How to construct Dataframe from a Excel (xls,xlsx) file in Scala Spark?

koiralo picture koiralo · May 26, 2017 · Viewed 81.6k times · Source

I have a large Excel(xlsx and xls) file with multiple sheet and I need convert it to RDD or Dataframe so that it can be joined to other dataframe later. I was thinking of using Apache POI and save it as a CSV and then read csv in dataframe. But if there is any libraries or API that can help in this Process would be easy. Any help is highly appreciated.

Answer

Ramesh Maharjan picture Ramesh Maharjan · May 26, 2017

The solution to your problem is to use Spark Excel dependency in your project.

Spark Excel has flexible options to play with.

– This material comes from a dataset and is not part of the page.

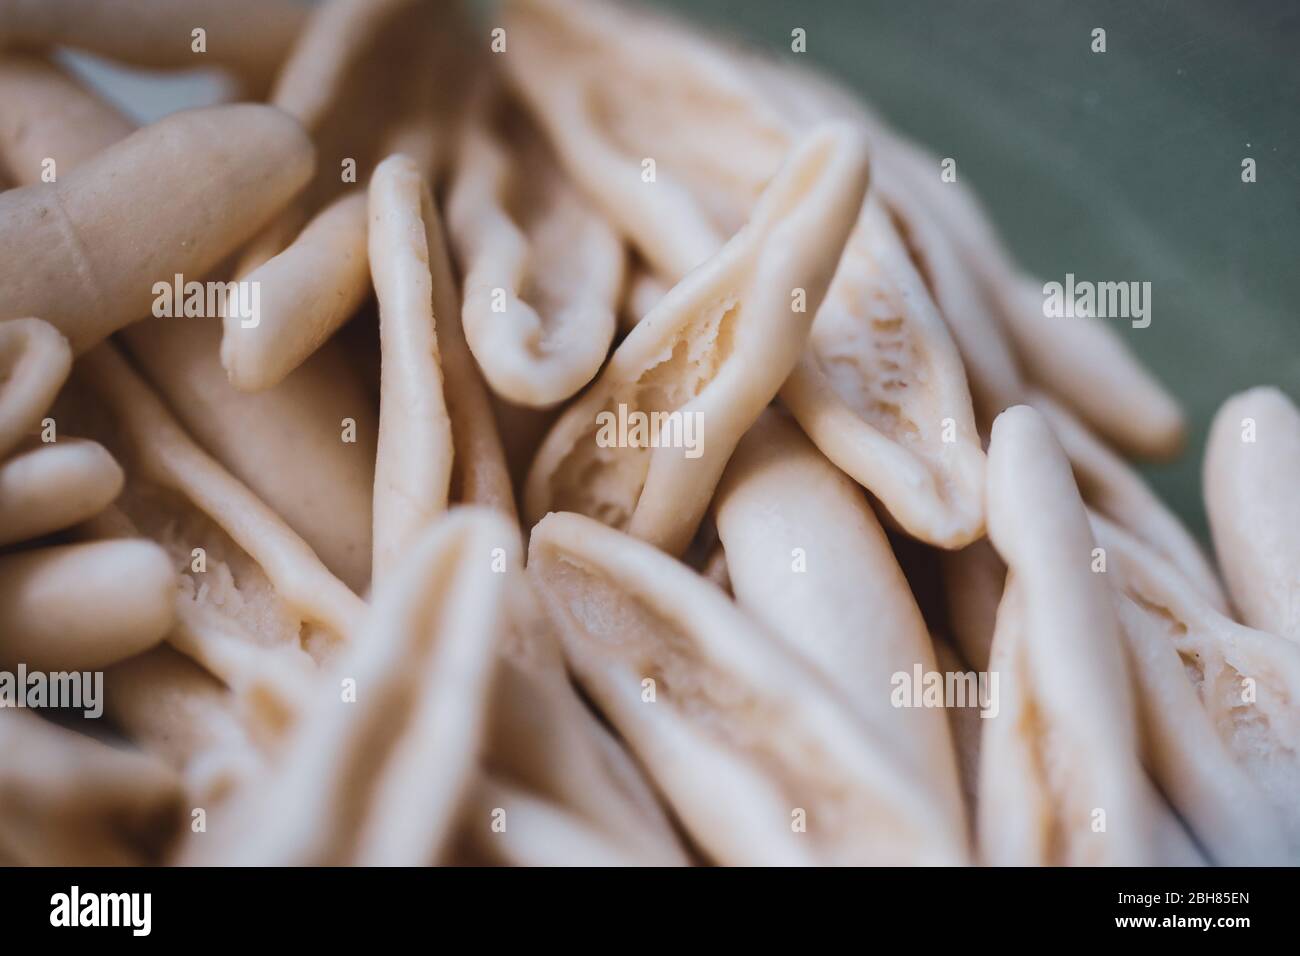 Geringe Schärfentiefe (selektiver Fokus) und Makrobild mit Fagiolini Pasta. Stockfoto
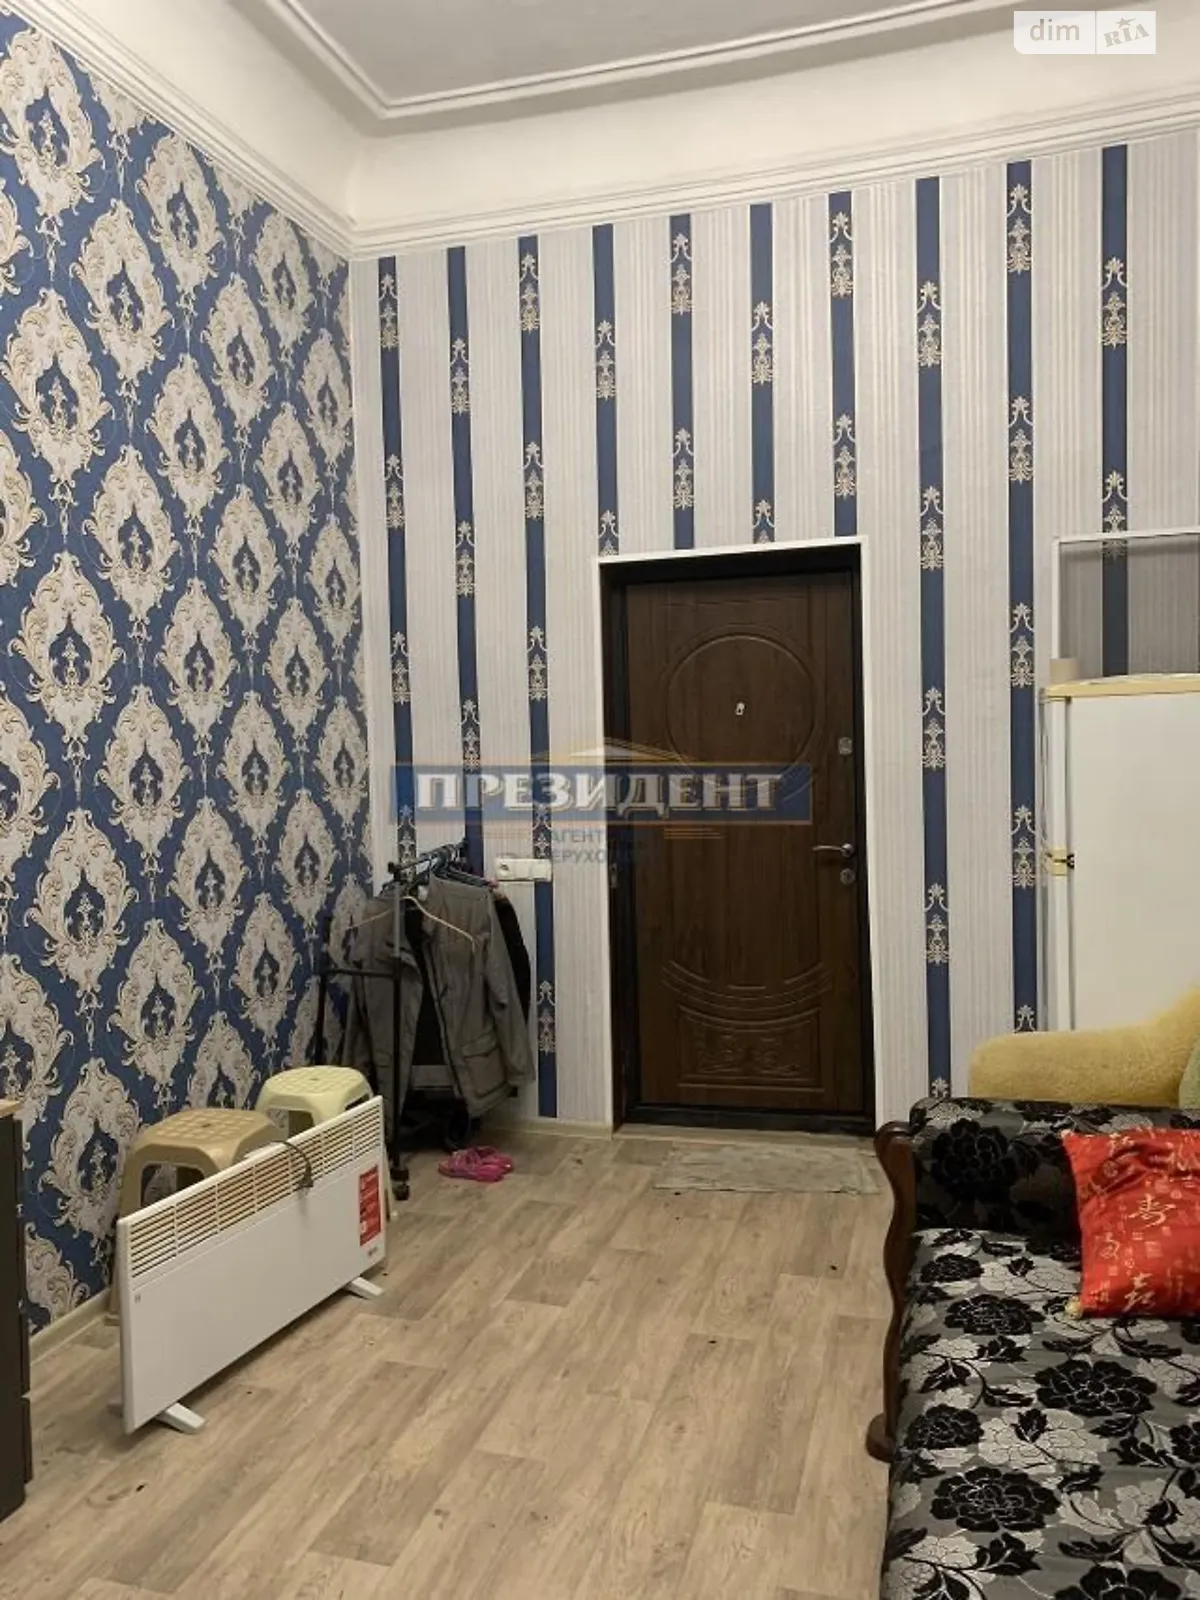 Продается комната 176 кв. м в Одессе, цена: 10000 $ - фото 1

I have tested the following code to read from excel and convert it to dataframe and it just works perfect

def readExcel(file: String): DataFrame = sqlContext.read
    .format("com.crealytics.spark.excel")
    .option("location", file)
    .option("useHeader", "true")
    .option("treatEmptyValuesAsNulls", "true")
    .option("inferSchema", "true")
    .option("addColorColumns", "False")
    .load()

val data = readExcel("path to your excel file")

data.show(false)

you can give sheetname as option if your excel sheet has multiple sheets

.option("sheetName", "Sheet2")

I hope its helpful